▶ [INFORMATION PROVIDED]
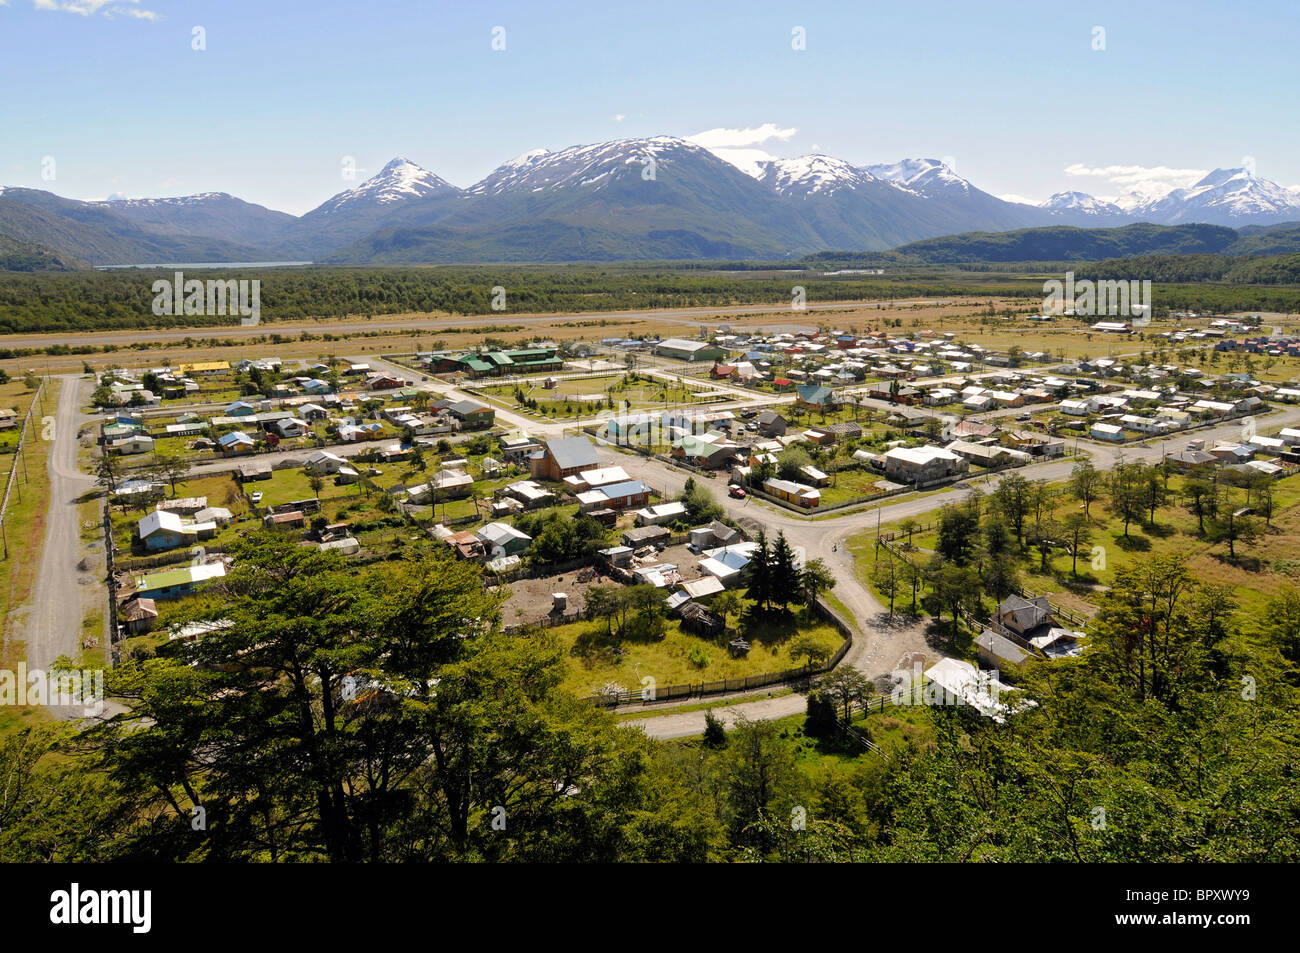 View of the small town of Villa o'Higgins, the last settlement at the end of the road carretera austral  in Patagonia, Chile. Stock Photo
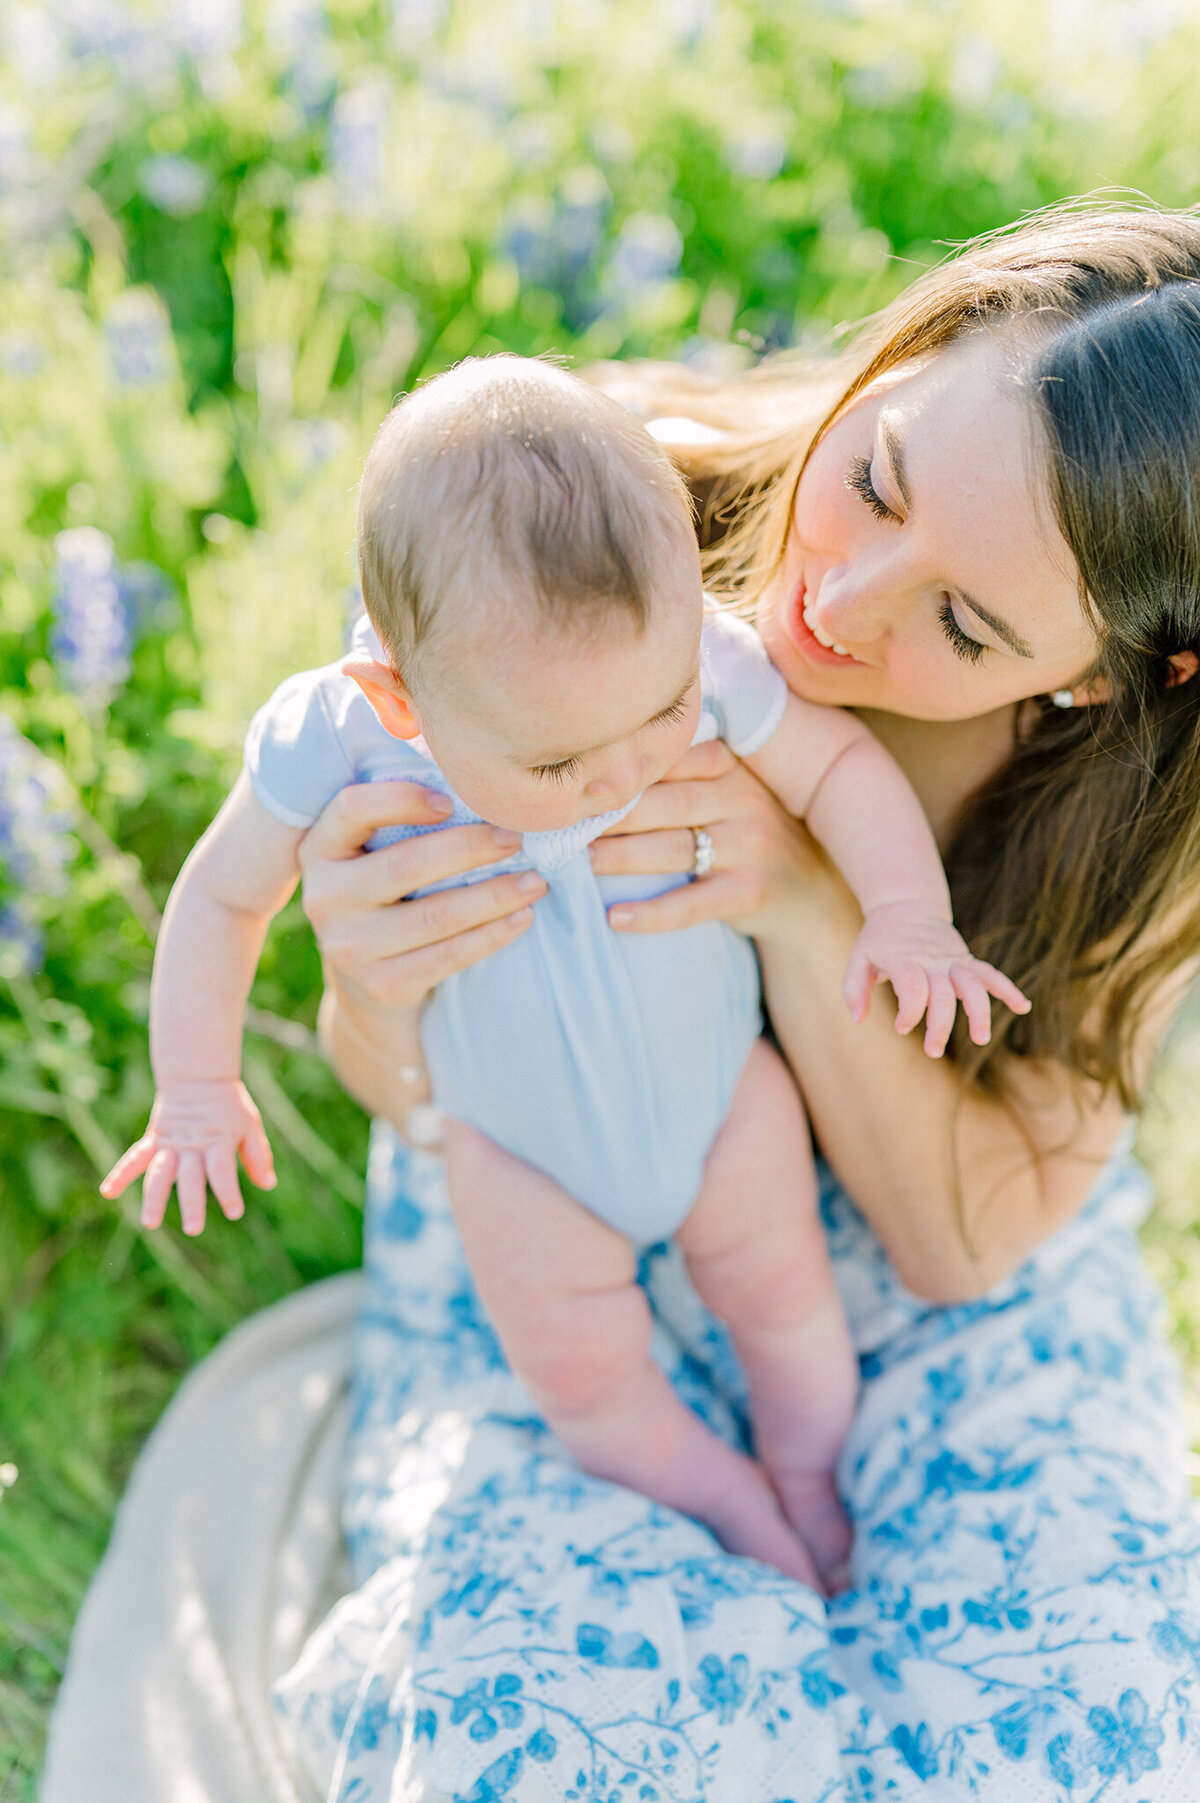 Mother palying with her baby in a field of bluebonnets.
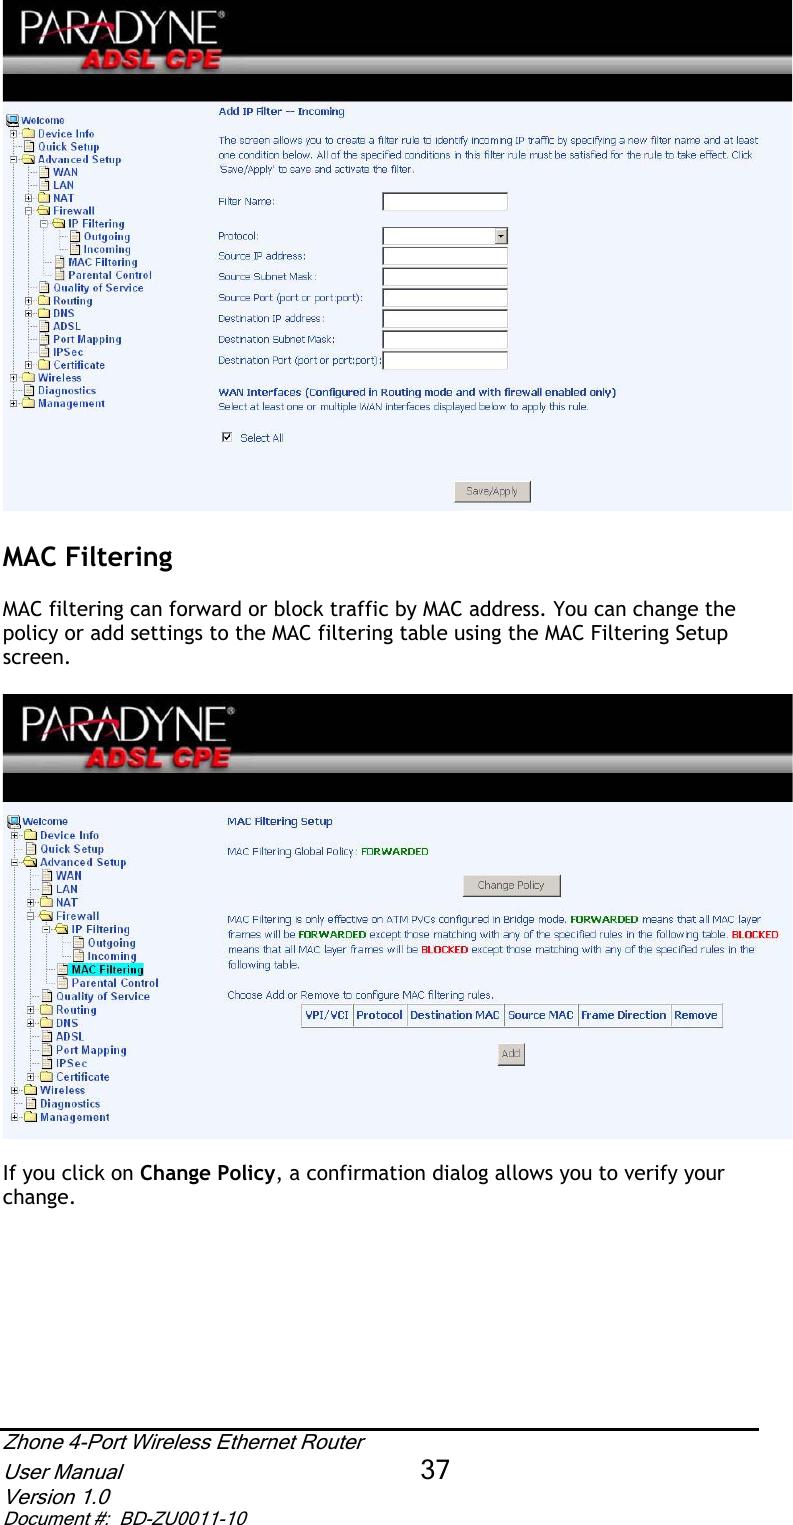 MAC FilteringMAC filtering can forward or block traffic by MAC address. You can change the policy or add settings to the MAC filtering table using the MAC Filtering Setup screen.If you click on Change Policy, a confirmation dialog allows you to verify your change.Zhone 4-Port Wireless Ethernet Router User Manual 37Version 1.0 Document #:  BD-ZU0011-10

▶ [ACTION ITEM] Once the pictures are set aside, the remaining data must be transcribed exactly.

▶ [COMPLETED EXERCISE]
 View of the small town of Villa o'Higgins, the last settlement at the end of the road carretera austral  in Patagonia, Chile. Stock Photo
 Mother palying with her baby in a field of bluebonnets.
 MAC FilteringMAC filtering can forward or block traffic by MAC address. You can change the policy or add settings to the MAC filtering table using the MAC Filtering Setup screen.If you click on Change Policy, a confirmation dialog allows you to verify your change.Zhone 4-Port Wireless Ethernet Router User Manual 37Version 1.0 Document #:  BD-ZU0011-10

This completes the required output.